Polícia Federal explica como funcionava a fraude na saúde em Chapecó

Policial
São Lourenço do Oeste | 11/11/2016 | 09:06

Informações: Oeste Mais e RedecomSC
Foto: Oeste Mais

Em coletiva na delegacia da Polícia Federal de Chapecó, o delegado Fabricio Argenta e o coordenador do Núcleo Operacional da CGU, Israel José Reis de Carvalho, prestaram informações sobre a Operação Manobra de Osler, deflagrada na manhã de quinta­-feira (10), que apura desvio de recursos do SUS na Secretaria de Saúde de Chapecó.

Foram cumpridos quatro mandados de condução coercitiva e seis de busca e apreensão, onde foram apreendidos celulares, documentos e cerca de R$ 30 mil em dinheiro. De acordo com a Polícia Federal, a ex­-secretária de Saúde de Chapecó, Cleidenara Weirich, foi ouvida acompanhada de advogados.

Em 2015, o Ministério Público Federal (MPF) iniciou a investigação para apurar denúncia de desvio de recursos públicos na área da saúde de Chapecó, envolvendo a então secretária municipal, uma clínica de medicina hiperbárica e o Consórcio Intermunicipal de Saúde do Oeste de Santa Catarina (CIS-Amosc).

Segundo a Polícia Federal, a clínica funcionava em um imóvel do marido de Cleidenara. Um dos tratamentos oferecidos era a oxigenoterapia, um tratamento que não consta na tabela do SUS e não é reconhecido pelos órgãos da saúde como eficaz. O número de sessões ideal para este tratamento é de 20 a 30, em situações mais complicadas, e, de acordo com a investigação, havia pessoas com mais de 200 sessões.
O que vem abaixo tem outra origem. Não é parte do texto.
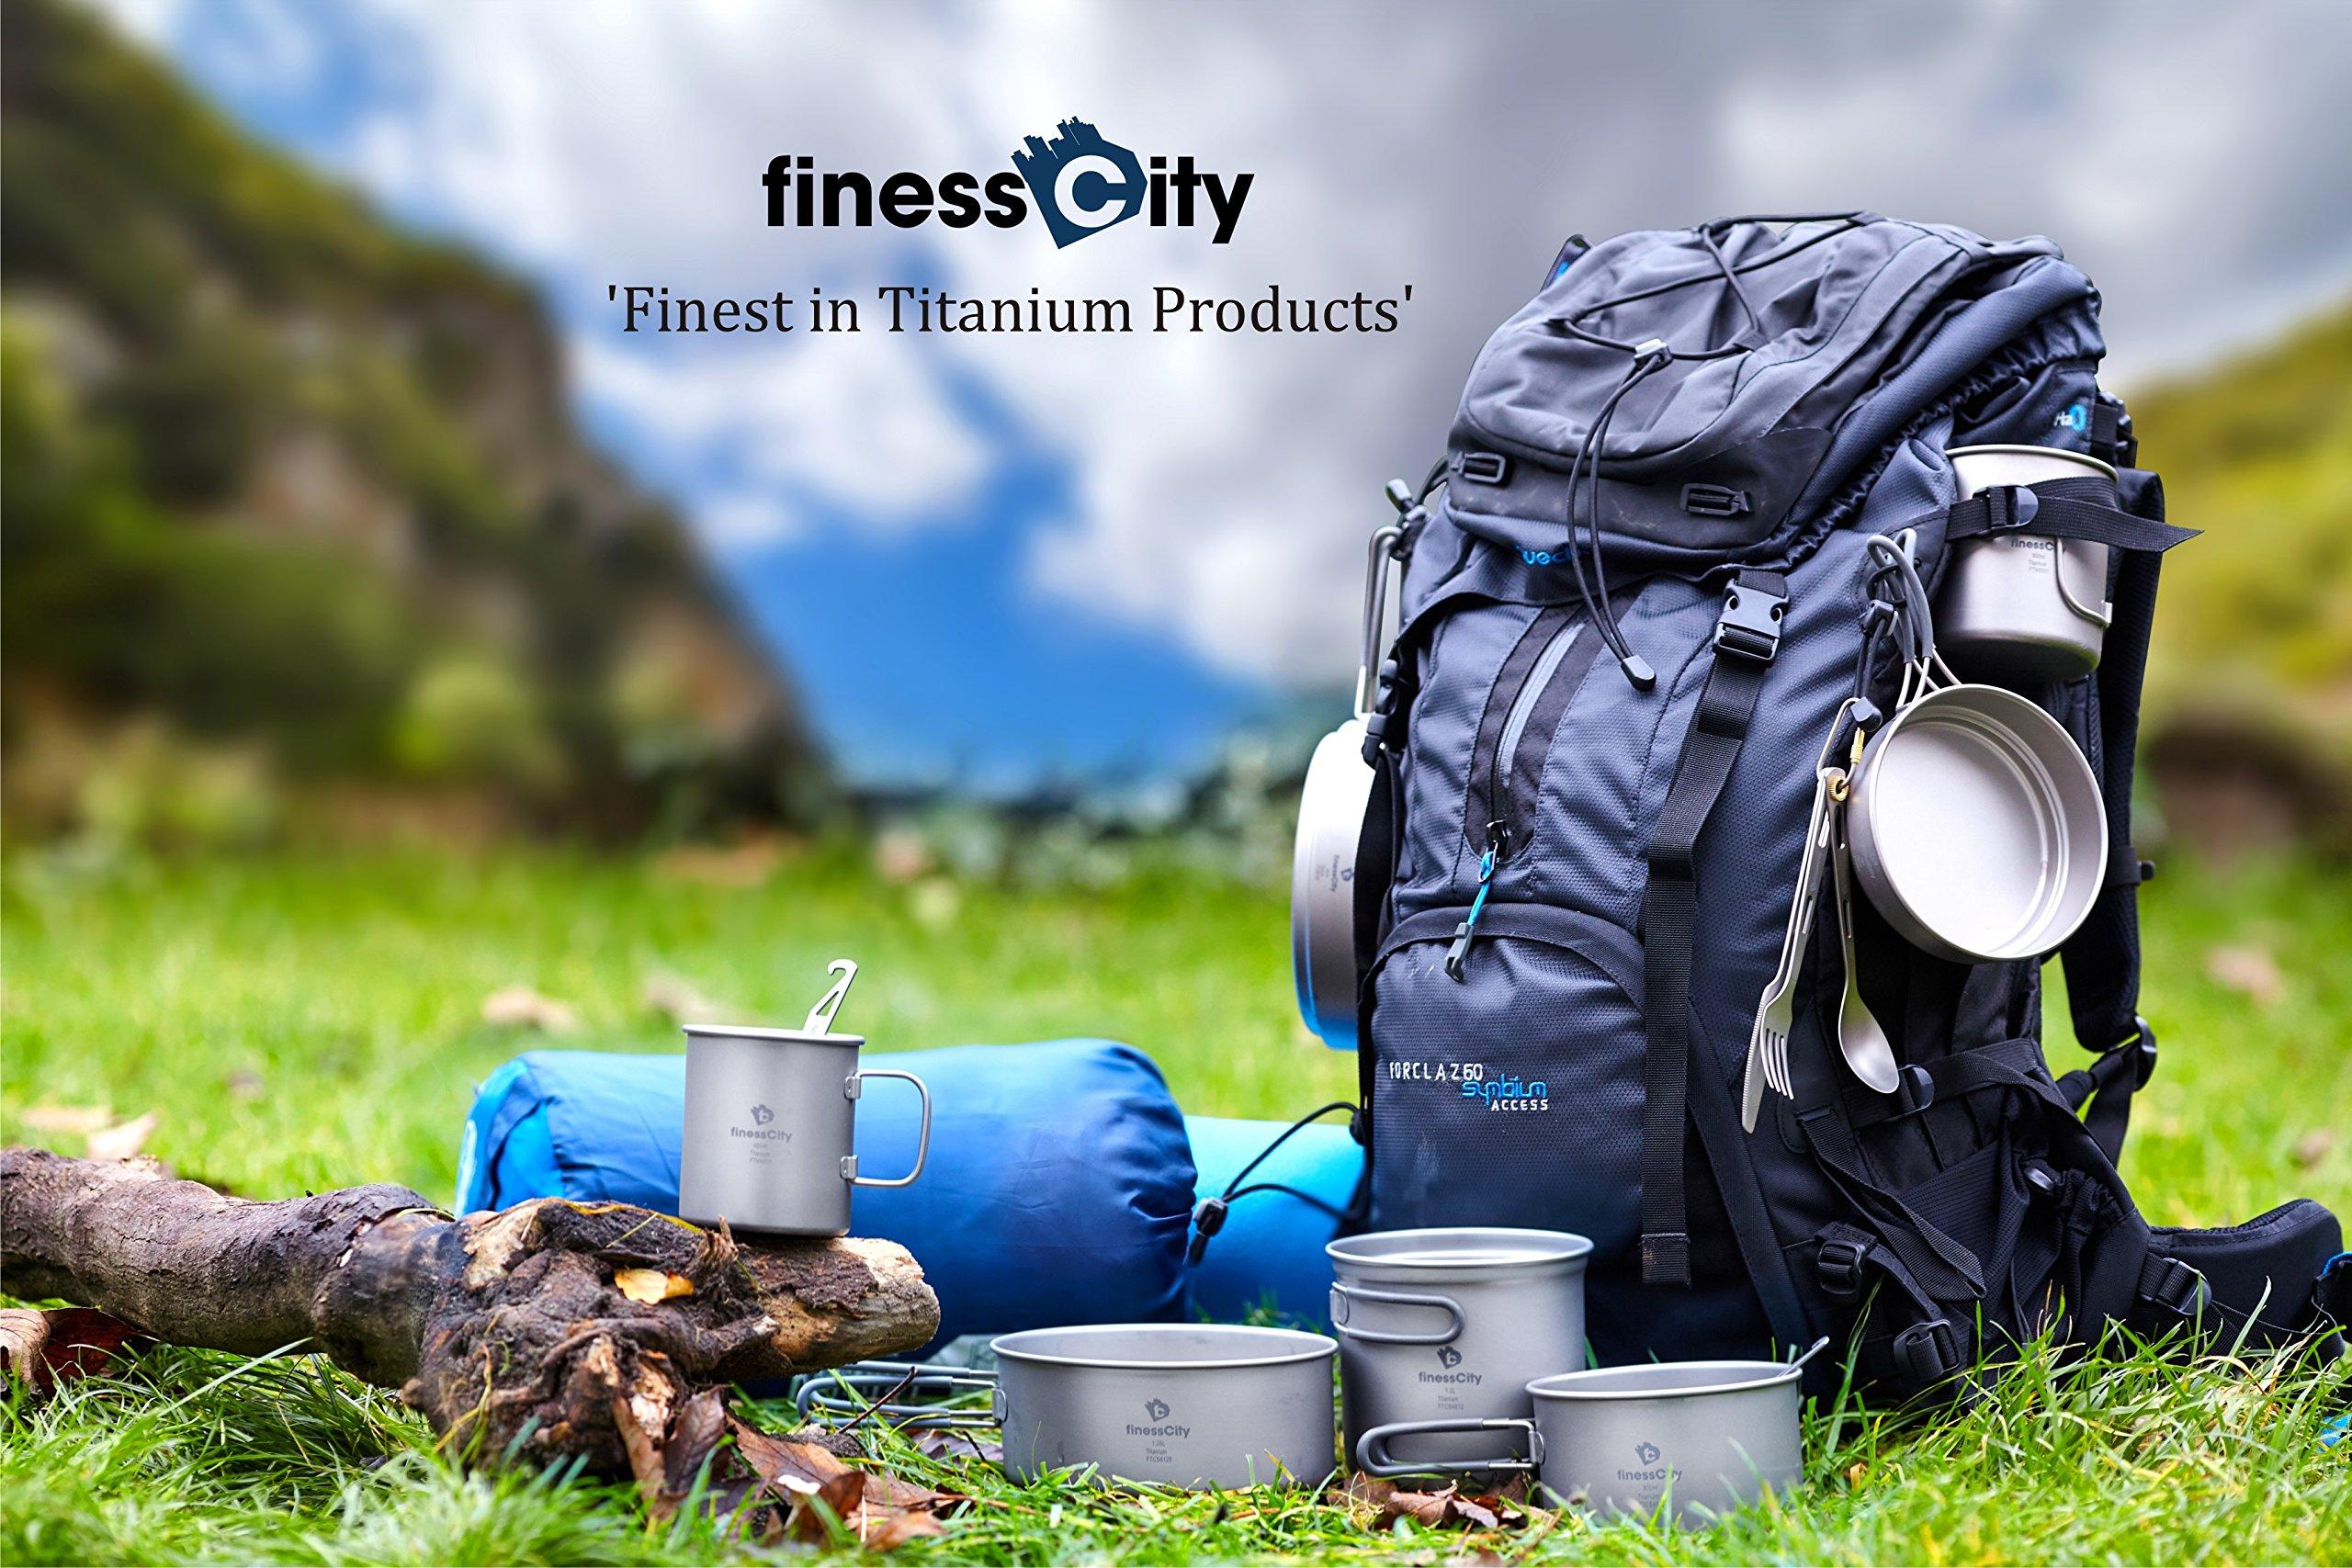 finessCity Titanium Utility Cutlery Set Extra Strong Ultra Lightweight (Ti), 3/4/5 Piece Straw Chopsticks Knife Fork…

Outro ponto que chamou a atenção é o aumento do valor repassado para este tipo de tratamento. Segundo a Polícia Federal, passou de R$ 30 mil para R$ 1,5 milhões em três anos. A investigação partiu de uma denúncia do Ministério Público. Não há prazo para o fim das tratativas e as pessoas que realizaram esse tratamento devem ser ouvidas nos próximos dias.

A operação

A Justiça Federal autorizou a operação deflagrada nesta quinta, entendendo que a investigação apresenta indícios da prática de crimes de peculato, dispensa indevida de licitação, falsidade ideológica e associação criminosa. A decisão da 1ª Vara Federal de Chapecó determinou a condução coercitiva dos investigados para prestarem depoimento e a busca e apreensão de documentos e objetos nas residências dos investigados, nas clínicas de medicina hiperbárica localizadas em Chapecó e em São José (SC), nas empresas do marido da ex-secretária municipal de saúde, na sede do Cis-Amosc e na Secretaria de Saúde de Chapecó, bem como a indisponibilidade de bens dos investigados para futuro ressarcimento do dano causado aos cofres públicos, estimado em cerca de R$ 2 milhões.

A ordem judicial também determina a suspensão do exercício de qualquer função pública pela ex-secretária e pelo diretor executivo do Cis-Amosc. A suspensão se estende inclusive ao exercício do mandato de vereadora pela ex-secretária, eleita no pleito deste ano. Os dois agentes públicos também estão proibidos de ingressar nas dependências da Secretaria de Saúde, do Hospital Regional do Oeste e do Cis-Amosc.